Manitoba could well be next. Former PC education minister Ian Wishart announced in 2018 that a provincial governance review would take place and it is to be released in 2019.  The Manitoba School Boards Association (MSBA) strongly opposes amalgamation, claiming that the savings would be minimal and it’s a question of democracy, transparency and accountability.

All is not well with Manitoba’s existing boards. The Winnipeg School Division (WSD) was the subject of a scathing report in 2015 that criticized the irresponsible conduct and performance of trustees. In 2016, the province ordered a third-party audit, after noting that while the school board had made progress in transparency and accountability, an independent review was still required.

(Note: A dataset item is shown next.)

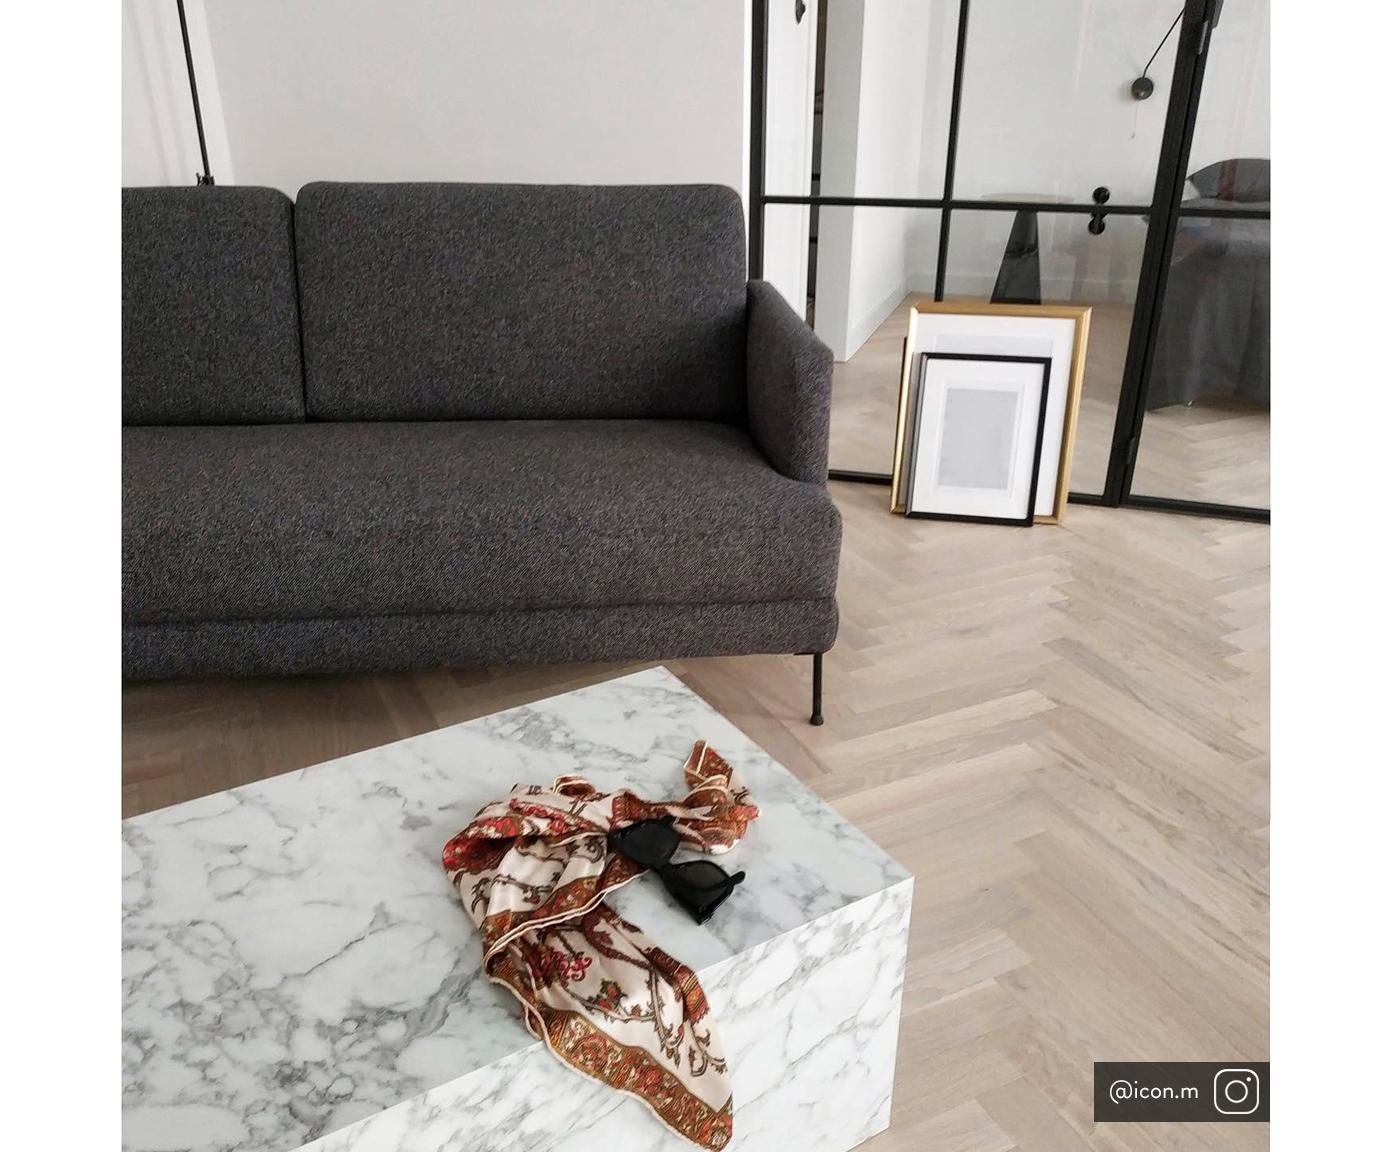 Sofa Fluente (3-Sitzer), Bezug: Polyester 45.000 Scheuert, Gestell: Massives Kiefernholz, Füße: Metall, lackiert, Webstoff Dunkelgrau, 197 x 85 cm

The WSD continued “under a dark cloud” for a number of years with growing concerns that too much business was being conducted behind closed doors. While the WSD may have improved, news in January 2018 that the Louis Riel School District had suspended a school trustee, without explanation, suggests that transparency and accountability may be just a slogan.

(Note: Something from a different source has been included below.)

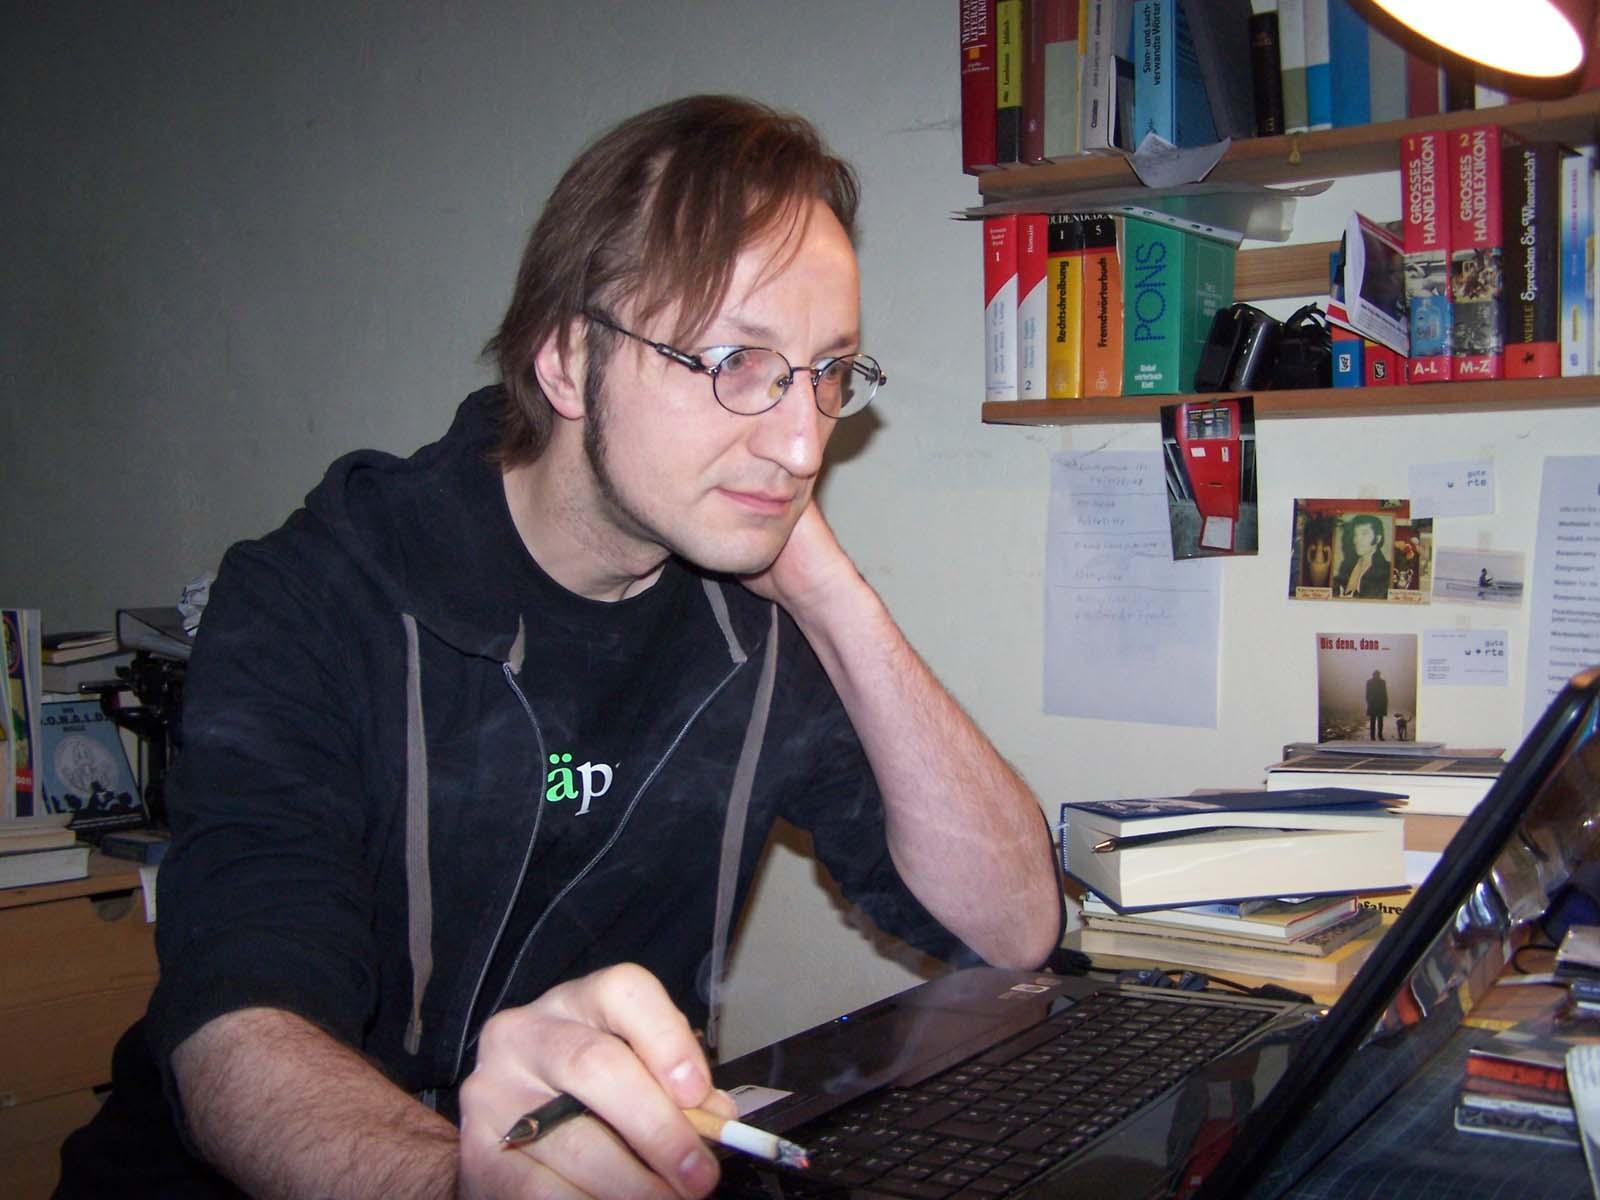 Sehwolf bei der Arbeit, 2009

One outspoken Manitoba trustee, Patty Wiebe of Pembina Valley, MSBA Region 2 Director, urged fellow trustees in early December 2018 to send out a consistent message that elected members speak for their communities: “That we are your local elected officials. That we represent your voice when it comes to how your schools are run, and how important that voice is,” she said. “Schools are the hubs of your community, it’s important to have local voice when it comes to governing those buildings and what happens in those buildings.”

The Brian Pallister government in Manitoba has said everything will be examined during the education review, including proposals to eliminate or amalgamate school boards.

School board promoters can, and do, damage to the cause by conveying confused and contradictory messages about the philosophy and purpose of elected boards — and the expected role of elected trustees. One veteran school board consultant, Stephen Hansen of BoardsworkCA, provided a recent example of what has gone sadly wrong in school board governance.

His “New Years Message to School Trustees” espoused the sort of governance philosophy that has rendered elected board members totally ineffectual. Judging from the established ground rules, trustees are expected to behave much like children in grade school: Focus on policy and don’t mess with administrative matters; think corporate interest/regional and keep your distance from local groups; respect the code of board solidarity; express your views in a respectful manner; act as a goodwill ambassador; and come prepared to meetings (i.e., do your homework).

Giving the public a voice and bringing local concerns to bear on board decisions are not even mentioned as core responsibilities. No school reformers need apply because the rules of engagement are a recipe for toadyism. It’s just the kind of thinking that spelled the end of elected trustees in Nova Scotia.

Hardened, unresponsive, insular and unaccountable school boards tend to self-destruct.  That was the case in Nova Scotia and may well be what is happening in provinces such as Manitoba and Quebec. If Quebec and Manitoba go the way of Nova Scotia, seven of the ten provinces (including New Brunswick, Newfoundland/Labrador, and Prince Edward Island) will have eliminated elected regional school boards and adopted far more centralized educational administrative systems.

Simply brushing aside local democratic control of the schools is definitely not the answer if we wish to retain a semblance of public accountability in the education sector. Provinces eliminating elected regional boards without replacing them with locally-responsive, school-based governance alternatives can expect the same kind of backlash witnessed throughout 2018 in Nova Scotia. That’s in no one’s interest.

Will Nova Scotia turn out to be a national bellwether for educational  centralization? What lessons can be learned from the elimination of elected boards in Nova Scotia? Looking ahead in 2019, has public resistance to elected boards, as presently constituted, stiffened in the mold? Why are provincial and regional school authorities so resistant to alternatives such as school-based governance?